He
stood at the self-service checkout; scanning his frivolous bits of shopping and
plopping them into the plastic bag after ever beep. His sharp suit and polished
shoes suggested a professional businessman. His larger than average midriff and
portly appearance nodded towards an exuberant lifestyle, not short of money.
But there was something off about this guy. He walked from the barcode scanner
to the bag with a stiff limp. A certain
strangeness overshadowed the way he was standing. There was definitely something dodgy about
his gate.
“Can
I help you?”
“Huh?
What?”
I
looked at the cashier behind the till. I was queuing at my local supermarket to
buy a lottery ticket (just a lucky dip, in case you were wondering) and had
been waiting so long for the old bird in front of me to finish counting her
5p’s on the counter that I’d lost interest in my infrequent gambling habit.

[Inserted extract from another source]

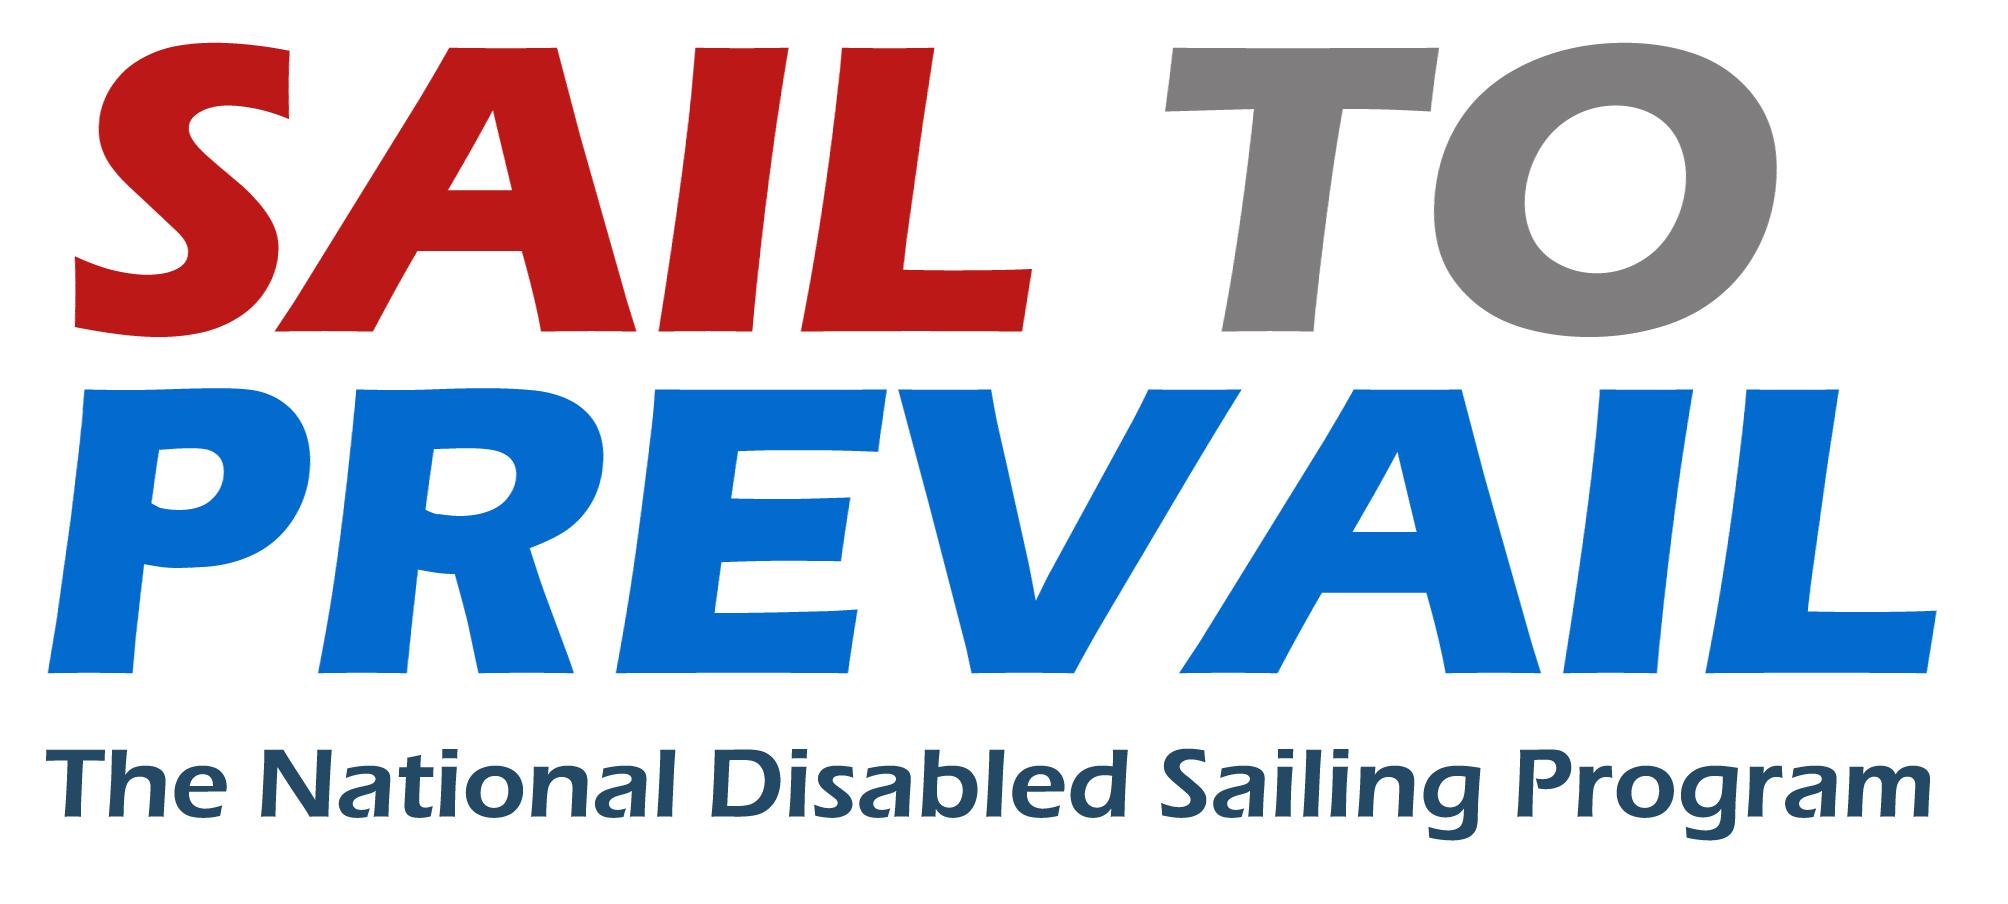 Sail_to_Prevail_logo.jpg

Instead, I’d taken notice of a small, squat man in a suit standing at the
self-services. There was just something suspicious about him. I couldn’t quite
tell what.
“What
do you want?” the cashier insisted. Her blonde hair tied into a tight bun,
probably to pull back her weathered skin in an unsuccessful attempt to give an
appearance of youth. Her painted on eyebrows creased into an irritated frown.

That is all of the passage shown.